The very next cut, World Weary and Blue, finds Wells bending the fretboard around his forearm with a blazing middle eight while Jimi Lee wails away in the background on a trustily righteous harp. Then jump over to rootsy numbers like Tin Winter and Traveller, instrumentals both, with banjo, mando, and fiddle laying into son o' the sod melodies. Love in Vain, Wells' own penning and not the Stones standard, strongly crafts a Town Without Pity atmosphere complete with trademark wet-night-streets sax and a keening lead solo from his melancholy guitar. The gent also belts out vocals throughout the disc, cutting through the speakers at times like Pat Travers.

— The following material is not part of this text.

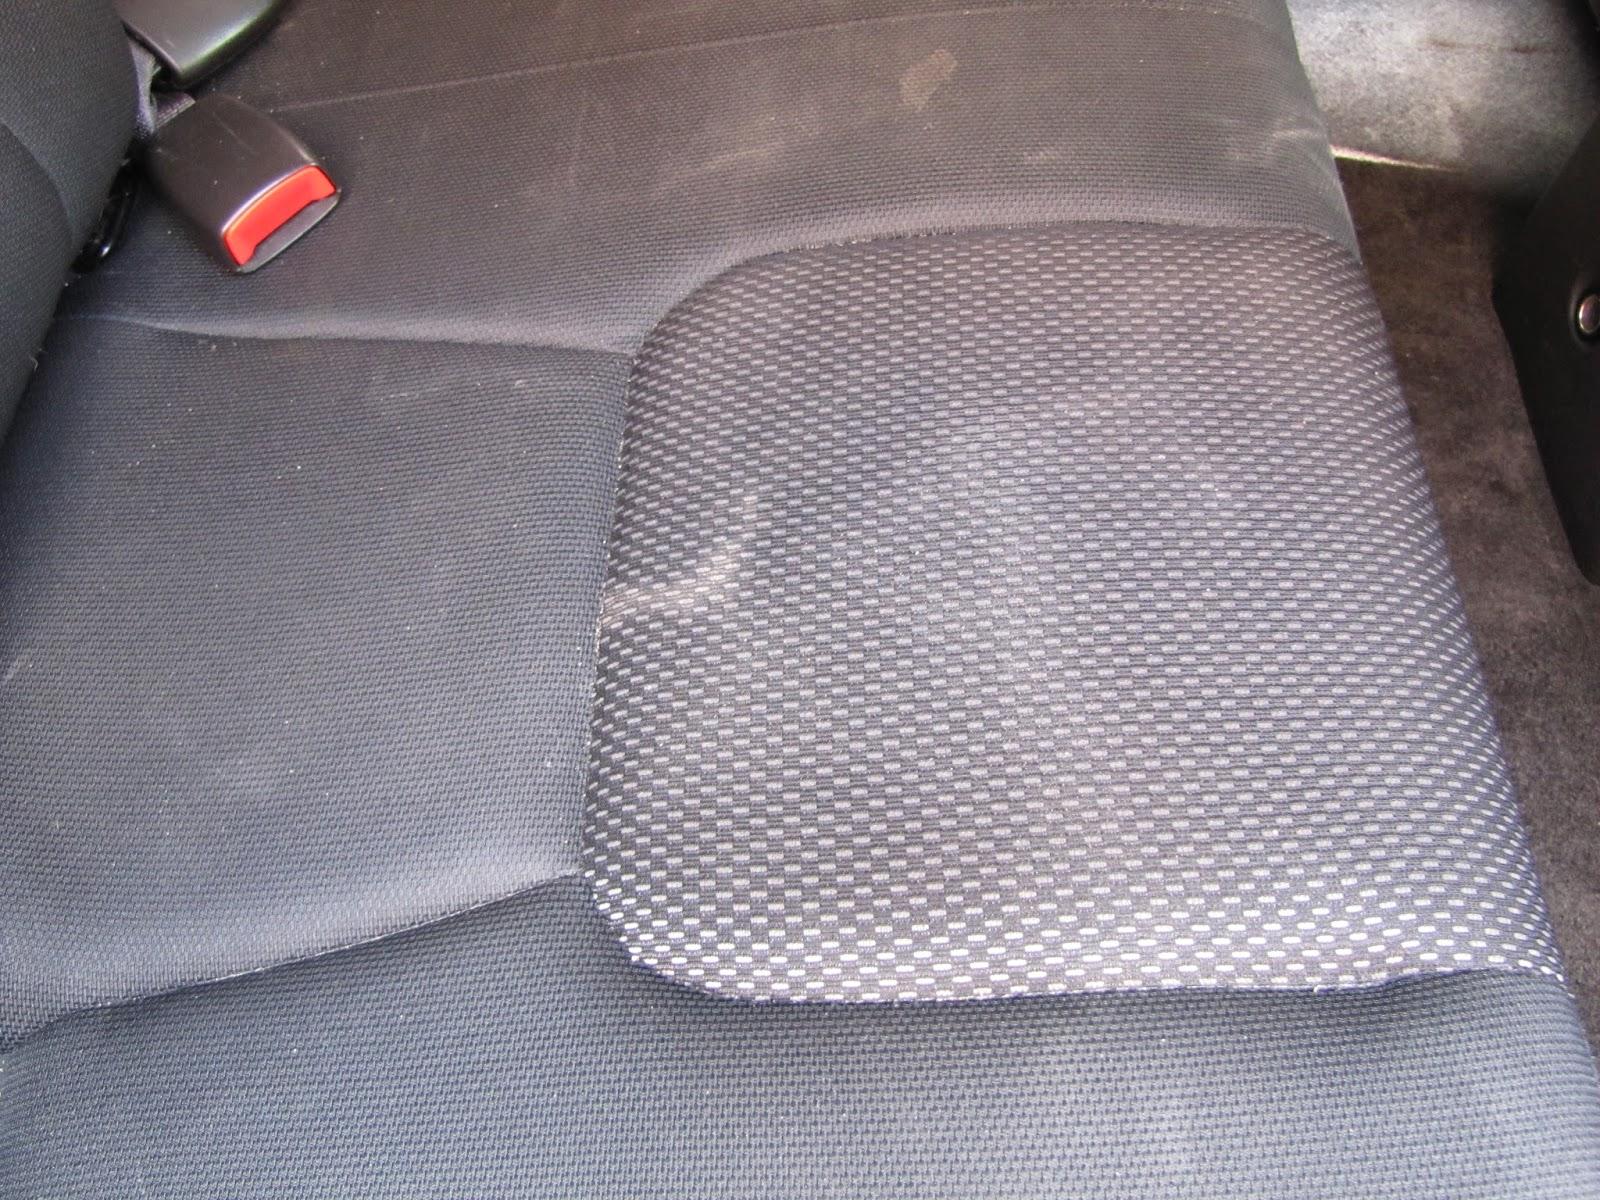 Genesis 950 Cleaning Tips And Tricks Genesis 950 Car

There's a lot of versatility here, at times jazzy, then bluesy, then rootsy, and later cinematic. Some of the instrumental atmospheres occasionally verge into Jeff Beck Blow by Blow territory, but the entirety of the CD prefers to rest on the blue side. Nonetheless, Wells would also be a dynamic and moody score-music composer, something Clapton attempted for a while to middling success. This gent, on the other hand, would blow all that out of the water, closer to Knopfler's such work but with markedly more accentuation.